High Throughput Computing using HTCondor

The Research IT HTCondor Service in Detail

PCs included in the Research IT HTCondor pool

The Research IT HTCondor service makes widespread use of classroom PCs located in teaching and learning centres across the campus including libraries. Taken together, the PCs comprise the HTCondor pool. The size of the pool varies widely depending on time of day, day of the week and time of year but peaks at around 1900 cores.

Since each PC is configured to allow HTCondor jobs to run on each of the cores at the same time this gives a theoretical maximum capacity of 1900 HTCondor jobs running in parallel. Normally the figure will be much lower than this and may drop to around 600 during the summer vacation when some centres are closed for refurbishment or upgrades.

All of the HTCondor pool machines run the standard Managed Windows Service (MWS) based on the 64-bit version of Windows 10. A typical specification is:
  • Intel Core-i5 (six core) processor running at 3 GHz
  • 16 GB of installed memory
  • 330 GB of disk space

The HTCondor server

Access to the pool is exclusively via a single high performance server having the hostname condor.liv.ac.uk (referred to here as the HTCondor server). Users must register for the HTCondor service to gain access to this. The HTCondor server runs the Scientifc Linux version of the UNIX operating system and therefore some knowledge of UNIX will be helpful in using the Research IT HTCondor service. However it is also possible to use HTCondor directly from the (Windows) desktop without any knowledge of UNIX by running Desktop Condor (see the Desktop Condor (DTCondor) web page for details).

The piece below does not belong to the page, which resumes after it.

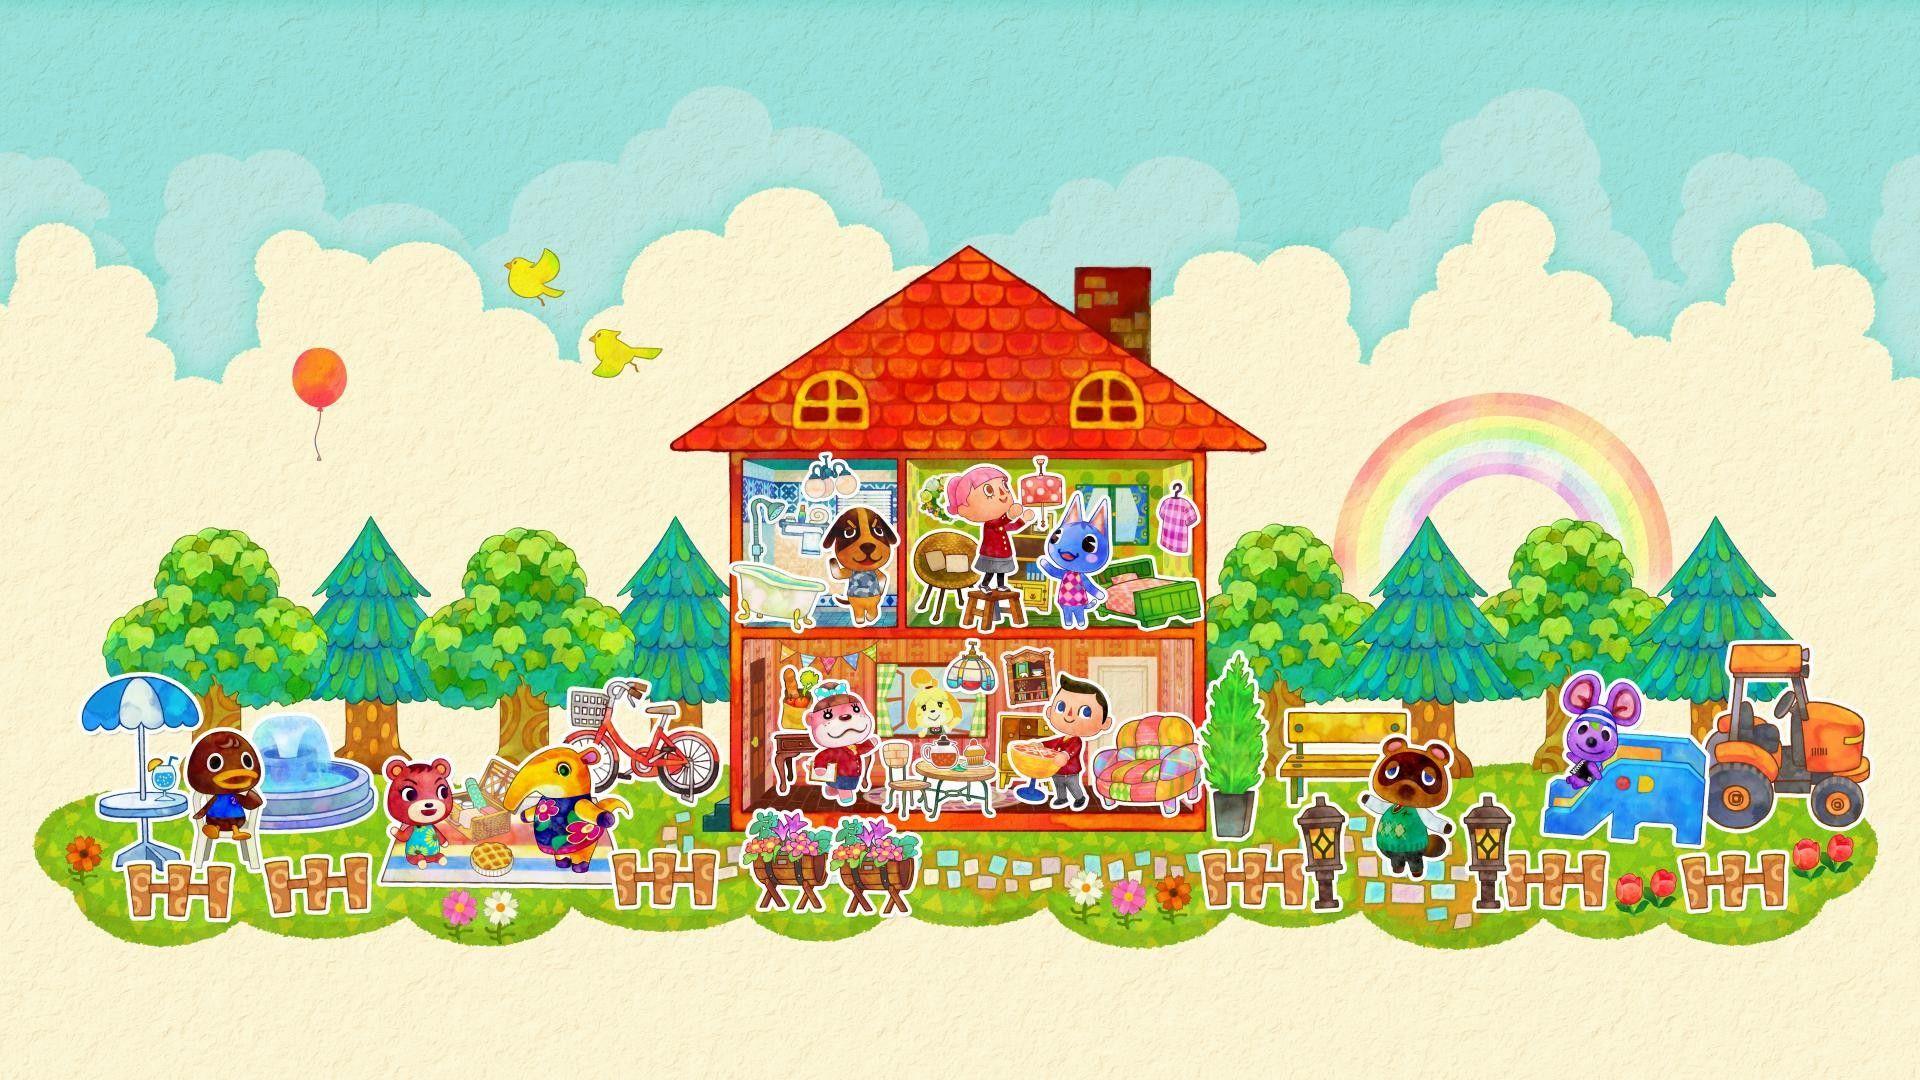 Animal Crossing Wallpaper Hd Animal Crossing Happy Home Designer Minimalist Animal

The main reason for using a single submission point is security, however there are very significant advantages in employing a central server to submit HTCondor jobs rather than allowing personal desktop PCs to be used. Firstly, a large (7 TB), fast RAID filestore is provided to store users' HTCondor files so that they do not take up valuable space on the fairly small hard drives of typical desktop PCs.

Secondly, large numbers of jobs can easily be submitted at once and the server left to work through them after the user has logged out. This would place a very significant strain on a desktop PC and the PC would need to be kept powered-on until all of the jobs had completed.

Availability of HTCondor pool PCs

It extremely important that HTCondor jobs do not impact in any way on use of the pool PCs by ordinary teaching centre users. For this reason HTCondor jobs will generally not run while someone is logged into a pool PC. Furthermore, if a job is already running on a PC when a teaching centre user logs into it then the job will be removed immediately and will return to the job queue (HTCondor calls this evicting a job or vacating it). Usually none of the files created by the job will be returned to the server and any work done so far will be lost. For long running jobs that exploit user-level checkpointing, it is possible to force HTCondor to return all of the output files created so that these can be used to restart the job from where it left off on a different PC.

During term time, the pool machines are in very frequent use by teaching centre users but HTCondor jobs should have a chance to start on most of the PCs after the last users have logged out and gone home. This allows jobs to run without interruption overnight and at weekends. All but the shortest of HTCondor jobs will therefore tend to run to completion outside normal teaching centre hours during term time.

Sustainable use of HTCondor

All of the PCs in the HTCondor pool take part in power saving and normally go into hibernation when not in use. Hibernation does not occur if a HTCondor job is running on a PC and so jobs can run for significant periods without the PC powering down.